American History Stories, Volume I by  Mara L. Pratt


[Illustration]

A NEW ENGLAND HOME IN COLONIAL DAYS

Manner of Dress

You remember how very plain the Puritans dressed at the time of their leaving England. Then the men wore their hair shaved so closely that they were called Roundheads. The women, too, all dressed very plainly, in homespun dresses and stiffly starched white aprons.

There was a time when a fine was imposed on any man who should wear his hair long; and if a woman wore any sort of jewelry, she was looked upon as a most wicked creature, one upon whom the punishment of heaven would surely fall.

As time went on, and the Puritans mixed more and more with other people, these severe styles gave way, and at last the Boston folks of the Puritan colony were as gay in their dress as were the Cavaliers of Virginia.

In a history of America, written for young people by Abby Sage Richardson, there is such a good description of these people as they dressed at this time, just before the Revolution, of which we are going so soon to hear, that I think we must stop and read it.

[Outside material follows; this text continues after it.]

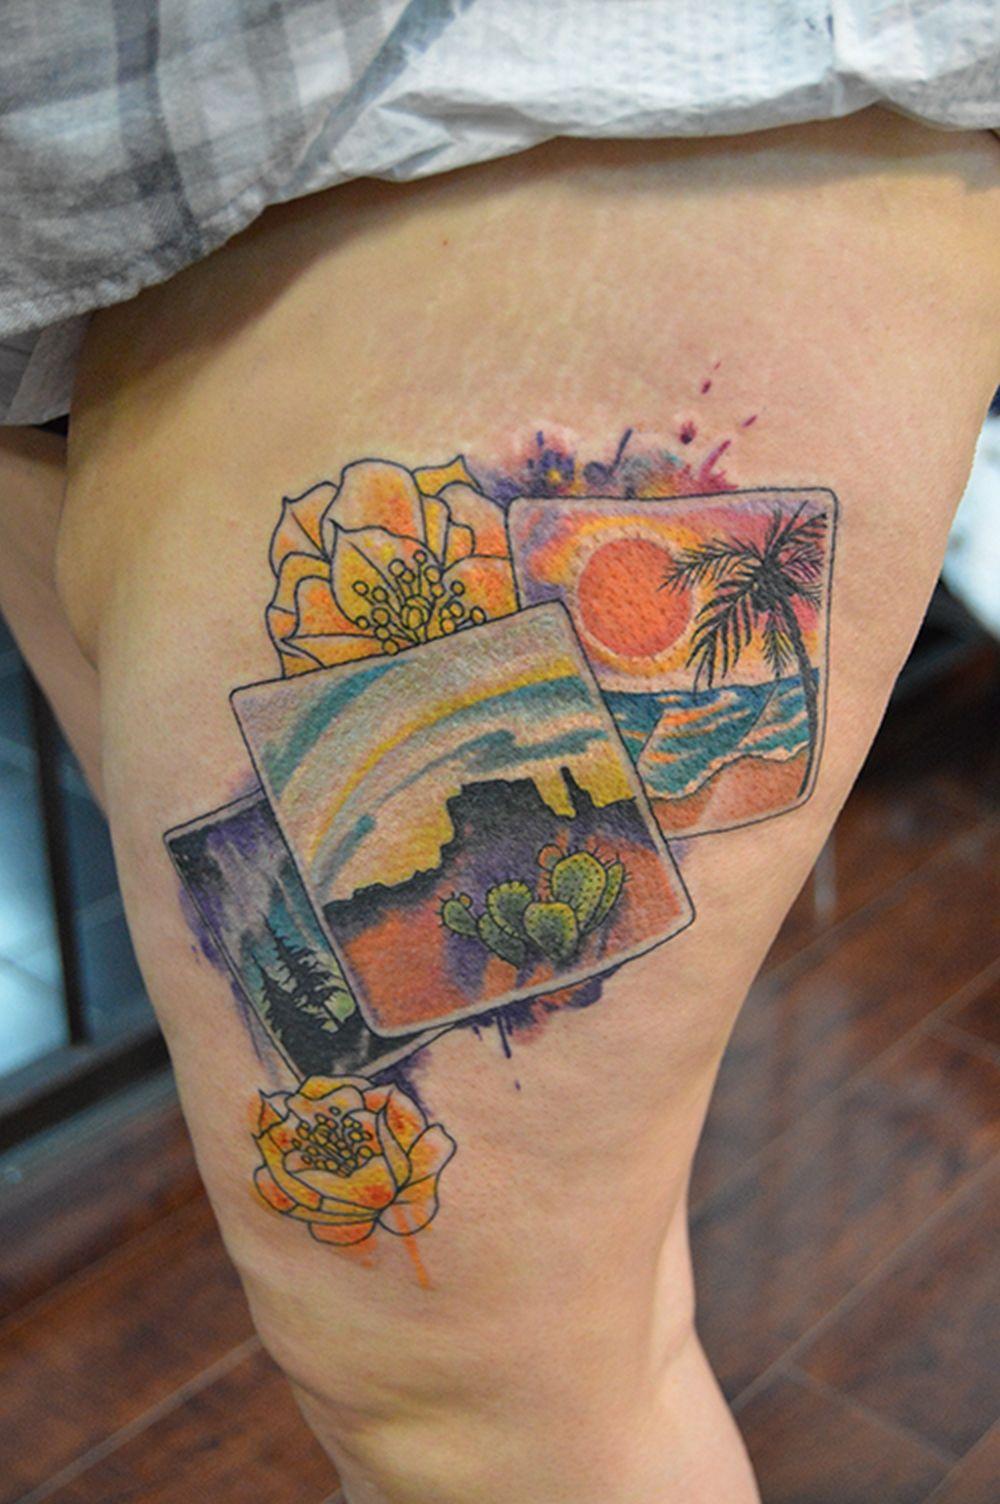 Cw25 true grit tattoo parlor for Tenth street tattoo

You remember the rude log cabin in which these first Puritans who came to Cape Cod Bay lived. Compare that rude cabin with Miss Richardson's description of Governor Hutchinson's house in Boston as it looked in the Revolutionary time: "It was a fine brick house, three stories high. If we enter the house we shall find a large hall with massive staircases heavily carved, the floor laid in elegant colored marble or different woods.

"The walls are painted, there are fluted columns supporting the ceiling, and there is heavy mahogany furniture set around in stately grandeur."

Speaking of the dress of the men, she says, "Do you see that elegant looking man? He would hardly be laughed at now and called a Roundhead. The Puritans now dress as the English do. They wear powdered wigs, or else they powder their own hair and tie it in a long queue behind.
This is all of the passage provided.